The structure is slightly complicated: the subject of the epigram is identified in
the first couplet by three epithets, the location of his tomb in the second couplet. In the
third and fourth couplets the focus shifts from Homer to the contents of his work, and
three famous scenes from the Iliad are presented in a very abbreviated form: the nod
(νεῦµα, 5) of Zeus (punningly compared with the breath (πνεῦµα, 6) of Homer); the
battle by the ships; and Achilles’ mistreatment of Hector’s corpse. These scenes are not
chosen at random, nor simply because of their overall importance to the plot of the
Iliad.277 Instead, they are deployed in furtherance of the same point that was made in
epigram 7.6, namely that Homer’s poetry is all-encompassing in its scope. Like Alcaeus,
then, Antipater uses the spatial location of the scenes he has chosen as a symbol of poetic
qualities.

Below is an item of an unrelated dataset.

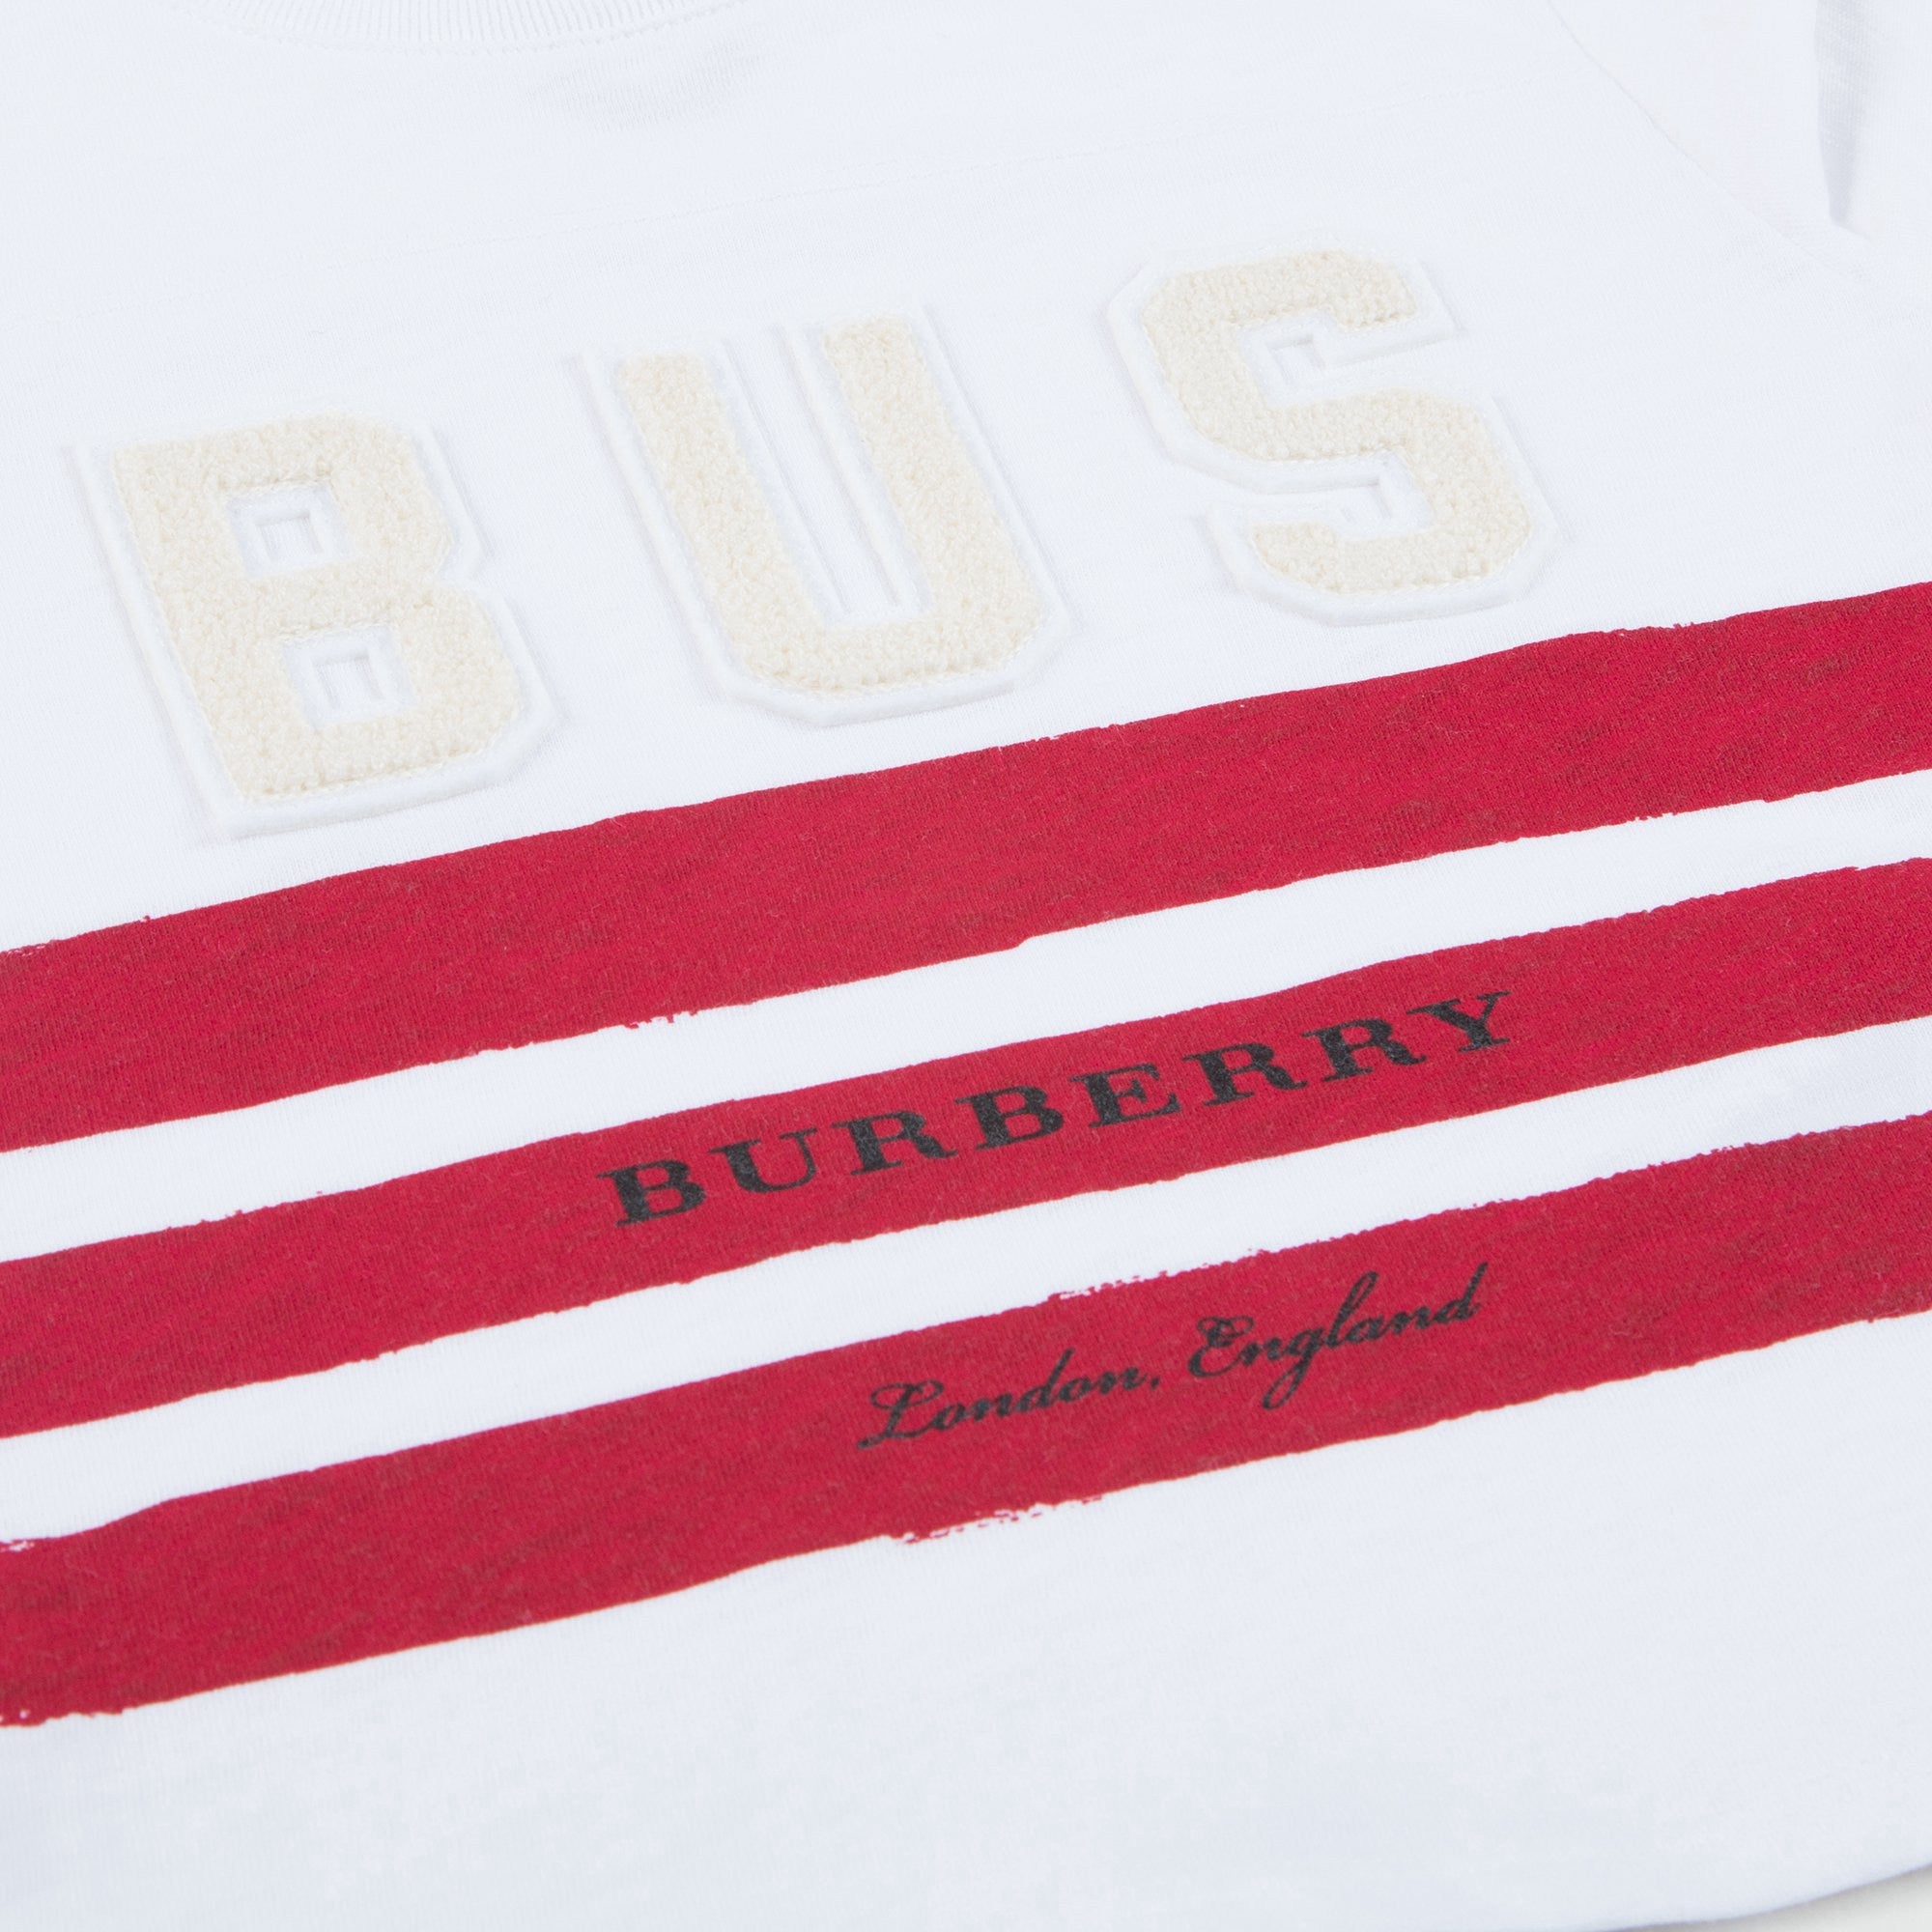 Baby  White  &  Red   Striped   Cotton   T-shirt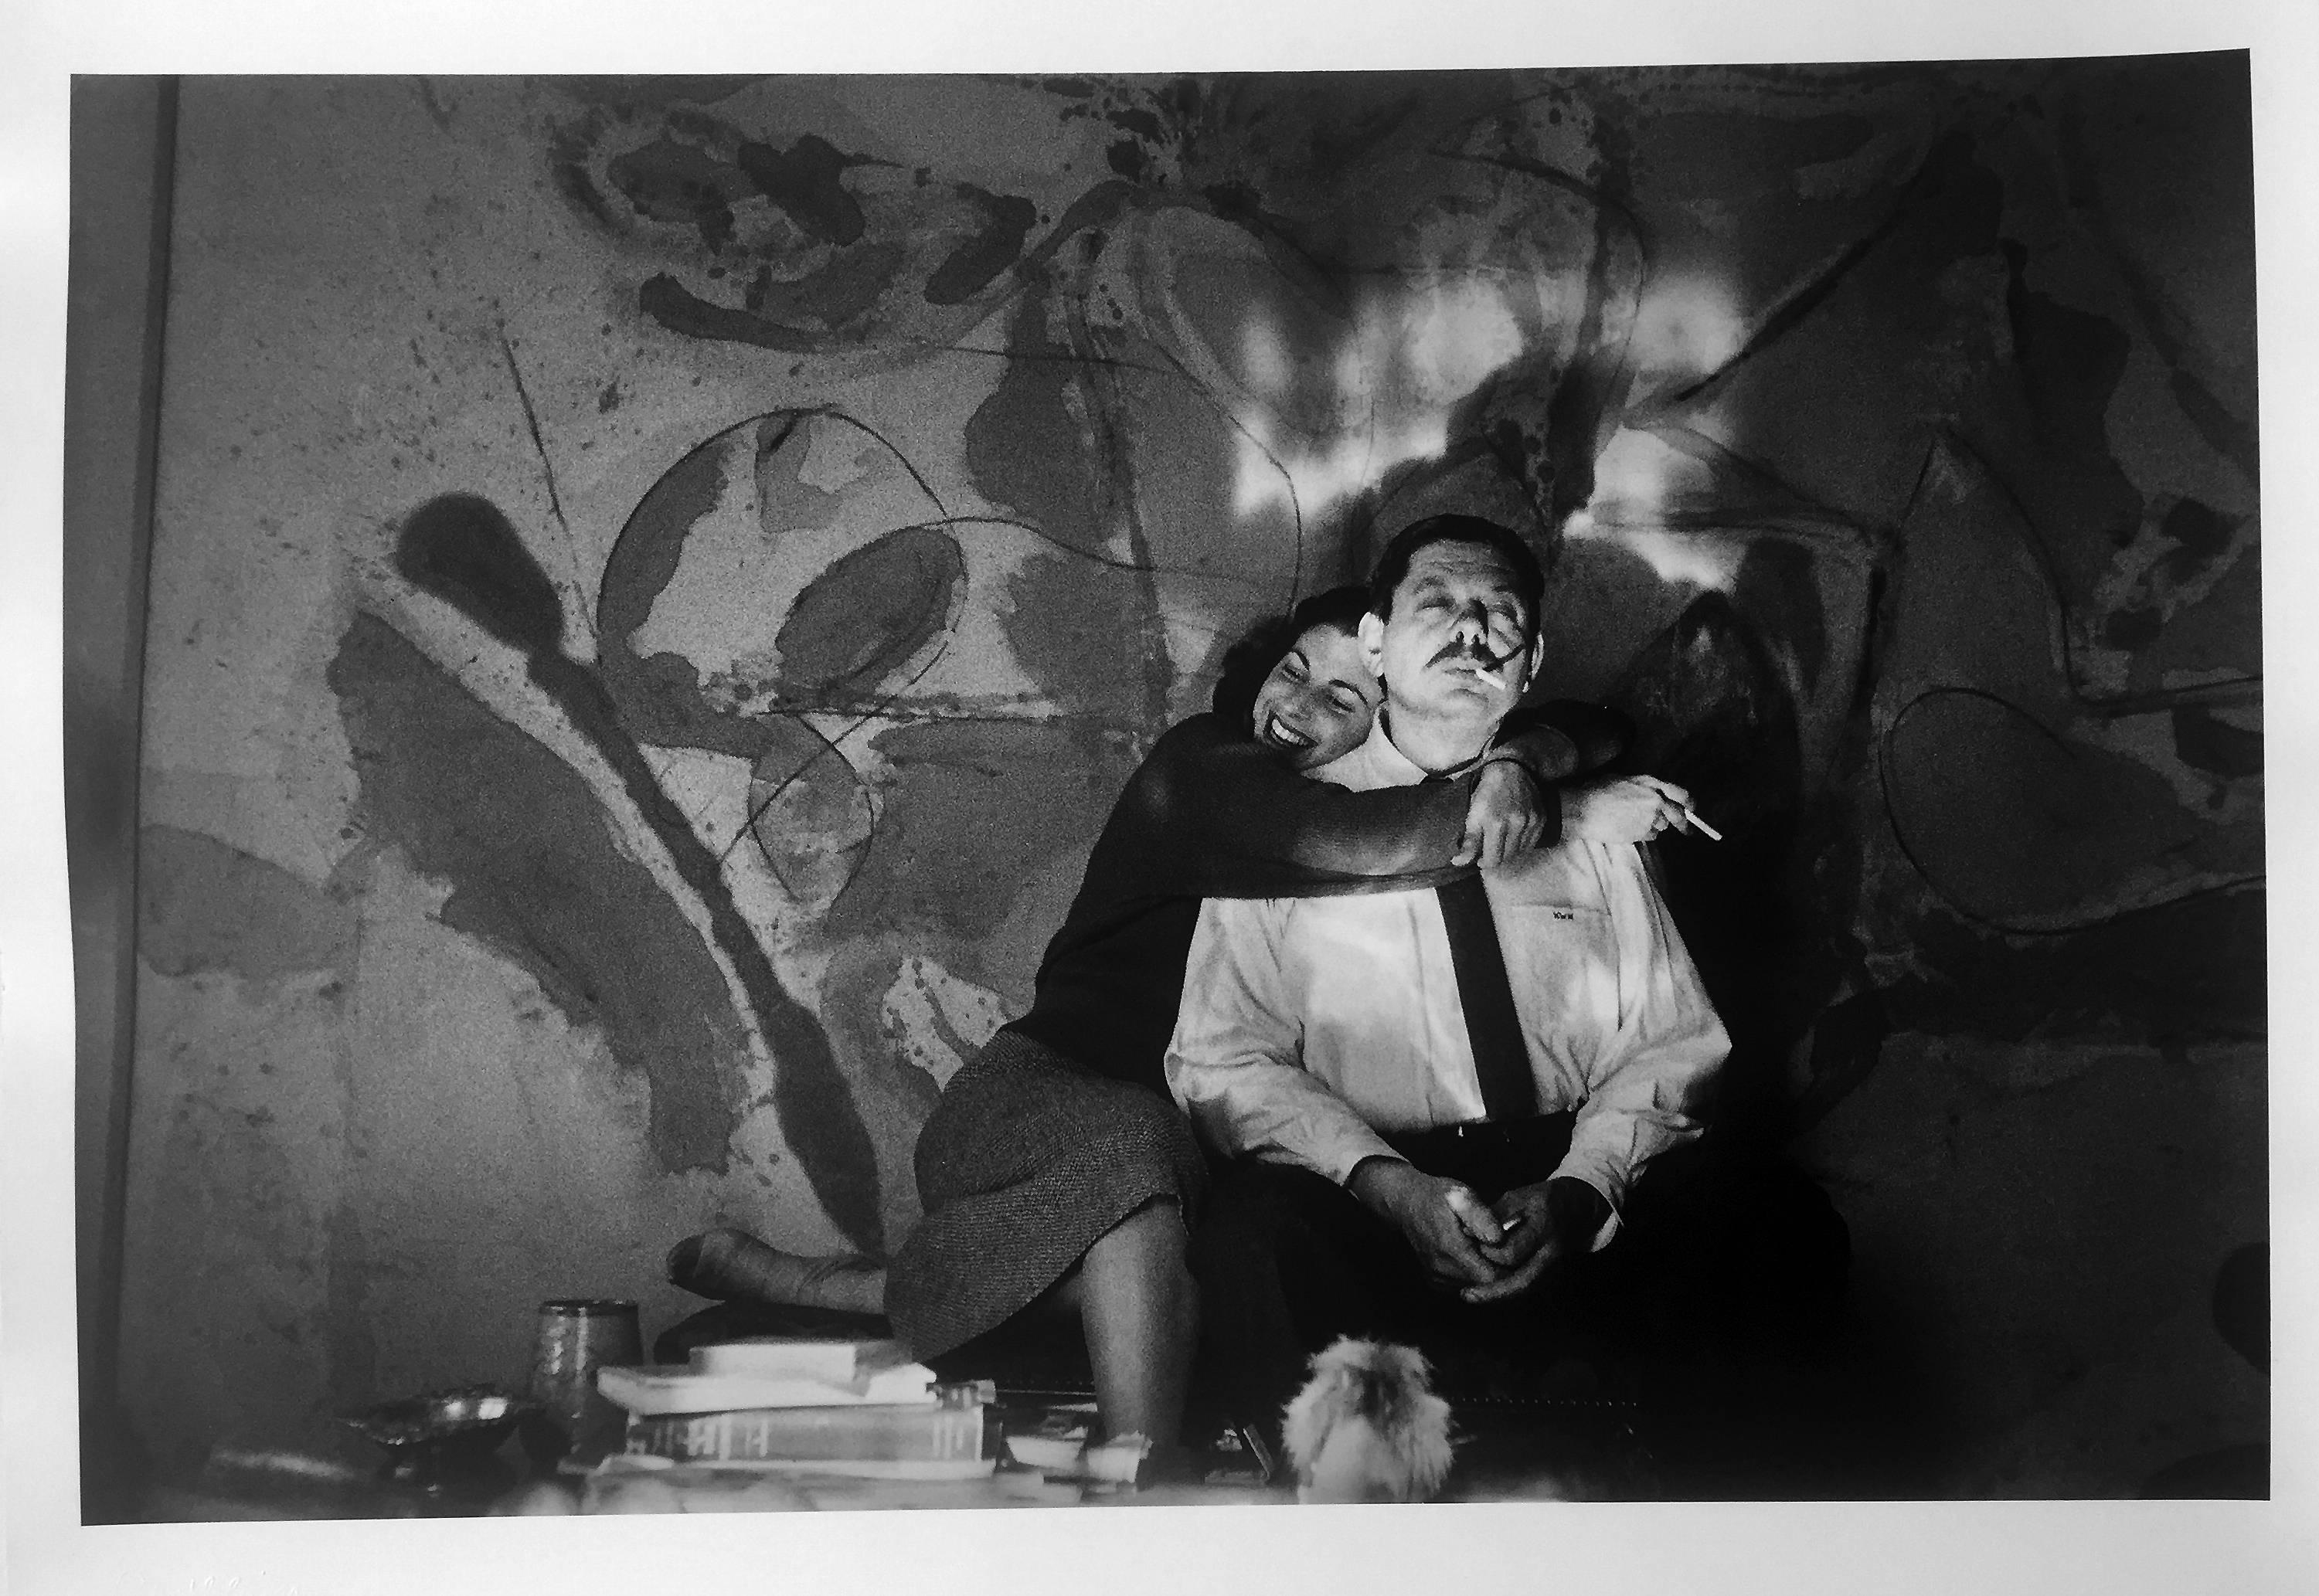 Helen Frankenthaler and David Smith, New York, Portrait of Two American Artists

However, whereas Alcaeus identifies Homer with the sea (in contrast to the
fresh water representing Hesiod), Antipater asserts Homer’s dominion over all three
natural realms (i.e. the “whole cosmos”, παντὸς | κόσµου, AP 7.6 3-4). The tripartite
division of the cosmos goes back to a famous passage in the Iliad (15.189-193), however
the particular form it takes here is a result of Antipater’s methods of imitation and
variation. He has essentially crossed Alcaeus AP 7.1 with Leonidas AP 6.13,
commemorating the dedication of three brothers, one a hunter, one a fisherman, one a
bird-catcher. Antipater was quite familiar with this epigram, and even composed a direct
277
As Gabathuler, 1937, 33 notes, the scenes mentioned are 1) Il. I.528; 2) XV.674-746;
3) XXII.395-404—scenes from the beginning, middle, and end of the poem, respectively.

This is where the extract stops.